The production of salt on Earth, a world with about 100 times more people than Yori, is 210,000,000 tonnes per year. 1% of that would be 2,100,000 tonnes per year or 40,000 tonnes per week. That would be for Yori's domestic consumption. Assuming its exports were only the same as its domestic production and assuming a maximum of 5 tonnes per dT, that would take up 8,000 dT per week.
The
quick google search I found a global average of 10g of salt per person per day, or 24,920,000 tonnes per year. The difference would be the remaining 90% of the salt production is used for something other than consumption. The text of Yori implies the salt is mined for human consumption rather than other uses (e.g. industrial processes or salting roads). The article goes on to explain this consumption should be, for health reasons, 50% lower.
Working forward from 102BCr per year, the question becomes how much does salt cost. Based upon current prices, table salt is $150 to $300 per tonne, or using the GURPS conversions, about Cr1000 per dTon. Since this is smaller than the assumed KCr5 to KCr10 per dTon for goods in GT:FT, the volume of trade (in dTons) would be much larger.
My initial look at the table on GT:FT p16 was wrong. 102BCr per year at Cr1000 per dTon gives (about) 100M dTons per year or 5M dTons per week. This in turns assumes 500M tonnes of salt produced per year, or 25M tonnes per week. This is enough to supply about 137 billion people with their annual salt supply.

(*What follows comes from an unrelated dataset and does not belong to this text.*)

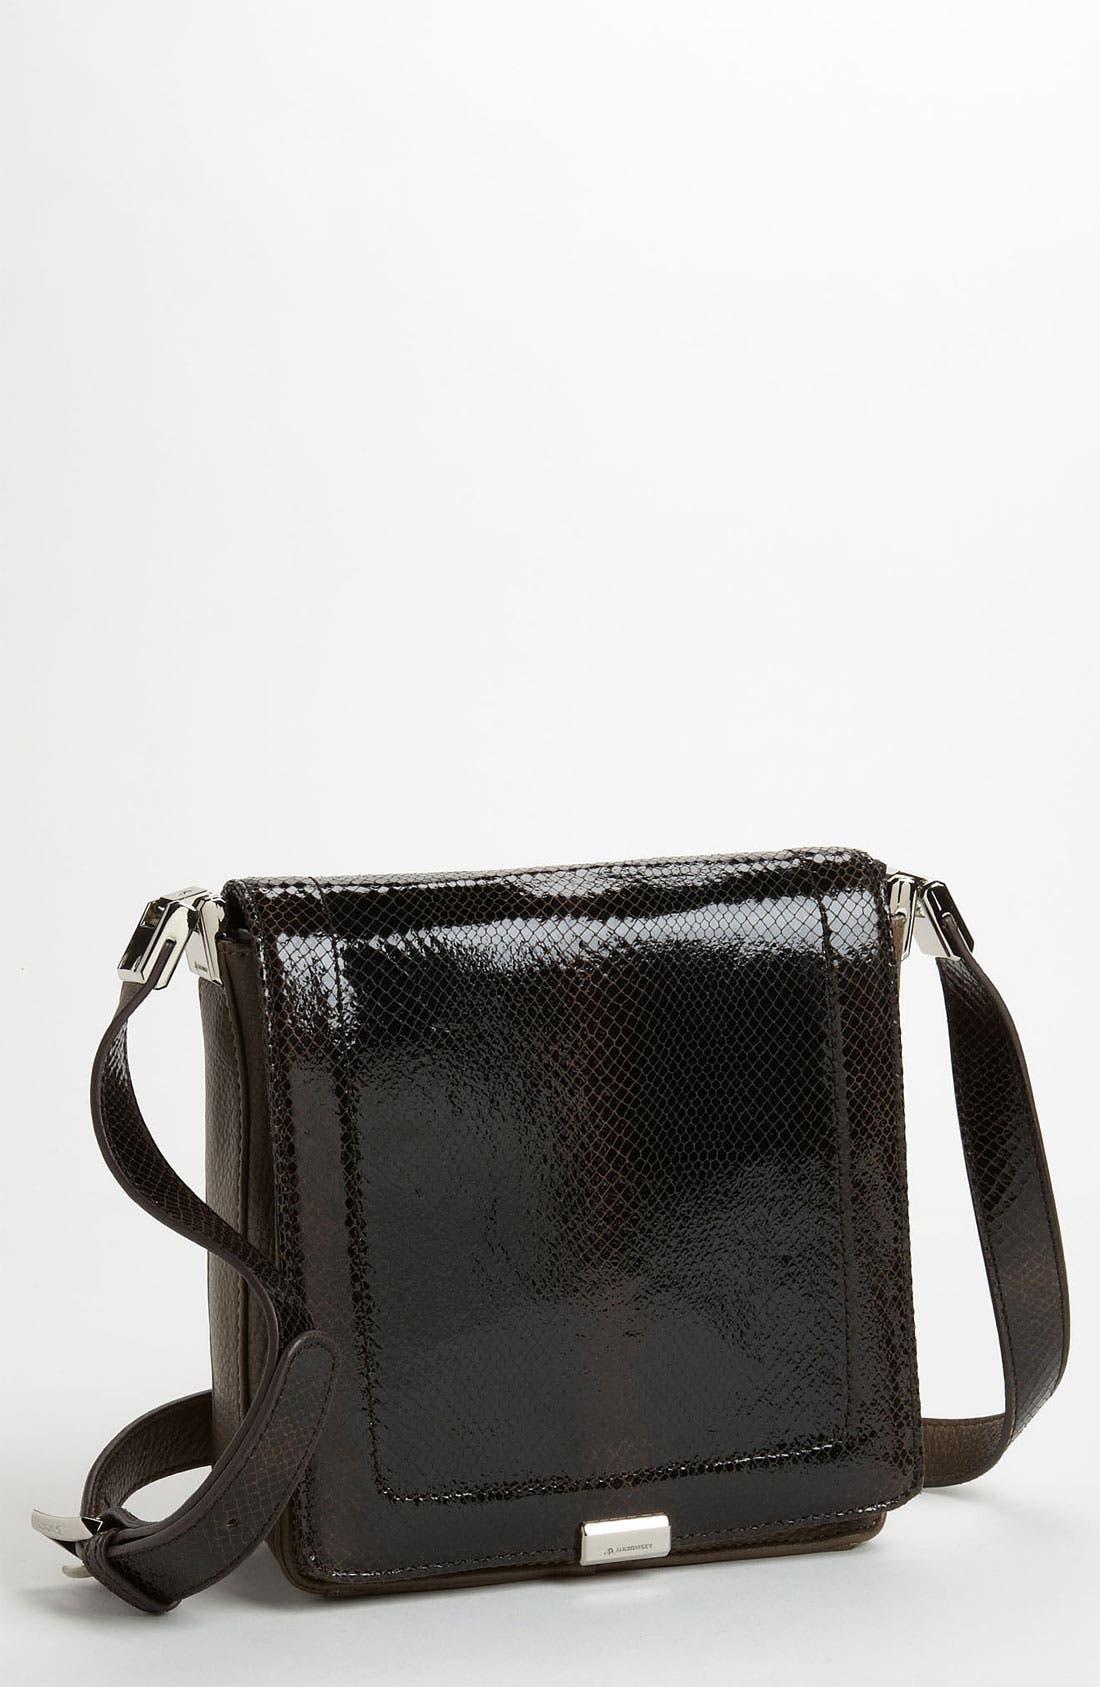 Alternate Image 1 Selected - B. Makowsky 'Harper' Crossbody Bag

Domestic consumption would be 255,500 tonnes per year. I think it is invalid to link domestic consumption to export consumption, if you are assuming a major industry.
The
US Bureau of Labor Statistics says there were about 87,000 people in the coal mining industry. In 2012 that number of people produced about 1B tonnes of coal. Again assuming a linear scaling, producing 500M tonnes of salt requires about 43,000 people. But this is just the people involved in the salt mining, but not, for example, the mechanics who build or maintain the mining machinery, the people who drive the trucks, the starport personnel, and so on.